Moreover, any exception to obtaining a court order should be precisely worded. The BSA recommends that the "urgency" exception for incidents with a "critical level of impact" (Section 59, Paragraph 3) should be clearly limited to situations where there is a probable cause of harm to national security.
In this regard, where the urgency exception applies, the legal system should provide a corresponding document such as a warrant or a "temporary emergency document" that would define the requirements of the provision or seizure of information.
The BSA also suggested that the right to appeal an authoritative instruction should be extended to all cyber-attacks, regardless of level of impact. All compelled actions and information provisions (including seizures) should be obtained under an instrument of the law to ensure that there is a record of the event and an explanation of its scope, purpose, context and timescale.
A corresponding right to appeal should be provided in all cases. In this regard, any exceptions, including the urgency exception, should be well-defined and narrow.
Providing the right to appeal only to cyber-attacks with a "general level of impact" (Section 60) is disproportionate and does not provide sufficient levels of due process safeguards.
Without adequate due process safeguards and avenues for appeals, requests for information can amount to an invasion of privacy that would undermine consumer trust, as businesses cannot guarantee that personal data or confidential information will be protected from unauthorised access.
Likewise, other compelled actions, such as requiring the monitoring of computer systems or deactivating functioning computers, could be overly prescriptive and onerous for businesses or technically infeasible. Providing an avenue for appeal in such situations is thus essential.
Furthermore, imposition of such requirements without due process would result in a conflict of laws with other countries' regulatory regimes and create significant compliance challenges for international companies.
An independent body should have oversight over the NCSC's powers, the BSA says. The group reiterated that an independent body be given the authority to monitor the NCSC's exercise of its powers to access private agency information, in order to ensure that privacy interests are adequately balanced with the need for surveillance.
Thailand should align any practices and standards it issues with industry-backed approaches to risk management, such as the ISO/IEC 27000 family of information security management system standards or the National Institute of Standards and Technology framework for improving critical infrastructure cybersecurity.
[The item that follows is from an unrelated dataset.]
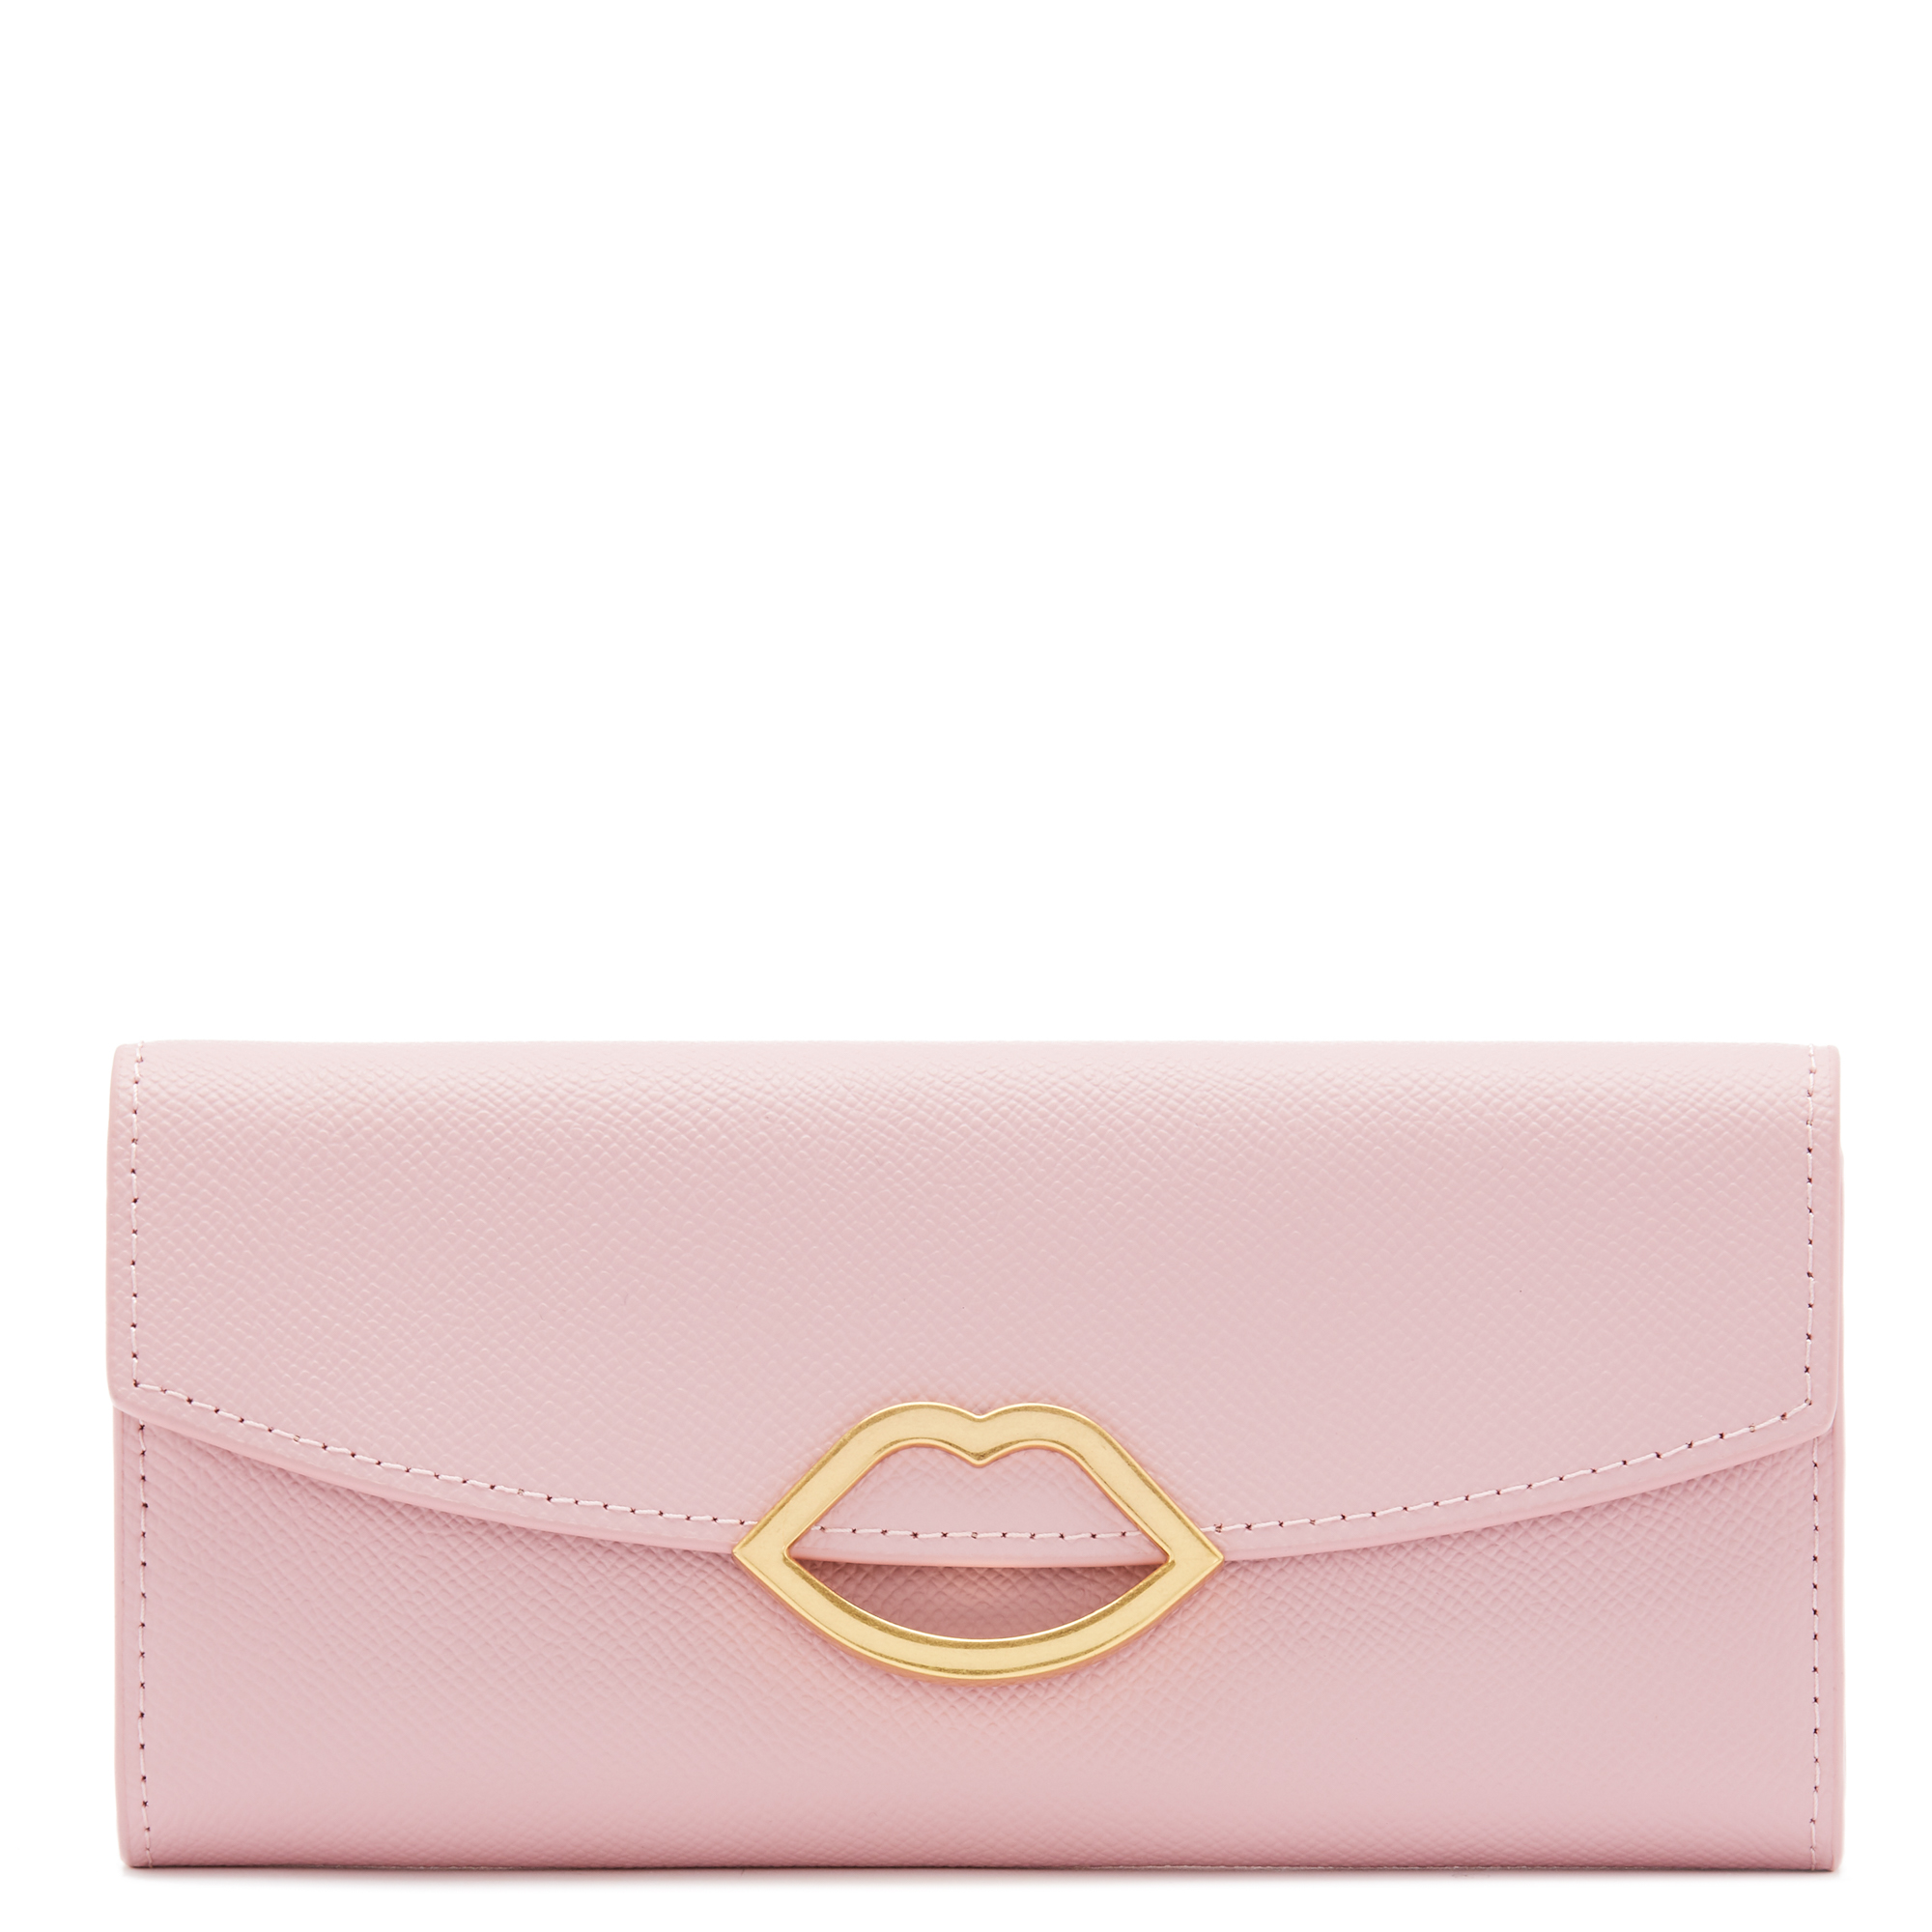 Blossom Leather Cut Out Lip Trisha Wallet

Allowing operators to combat evolving cyberthreats with evolving best practices and standards permits a more flexible, current and risk-based approach to cybersecurity. This will also help realise economies of scale and promote readiness.
Nakrob Niamgamtham, founder of nForce Secure Co, a cybersecurity distributor, said the act will stimulate demand to train a cybersecurity workforce in mission-critical events, which will benefit a country currently suffering from a shortage of cybersecurity experts.
"We might have the money to procure the latest advanced technologies for protection, but we cannot optimise the technology without good experts," he said. "It's like buying a supercar without a good driver."
Mr Nakrob said an uptick in security spending might spur double-digit growth, and the trend will shift to security provisioning to all fragmented IT systems to enable organisations to manage and control security policy from end-users' computers through to data centres and cloud providers.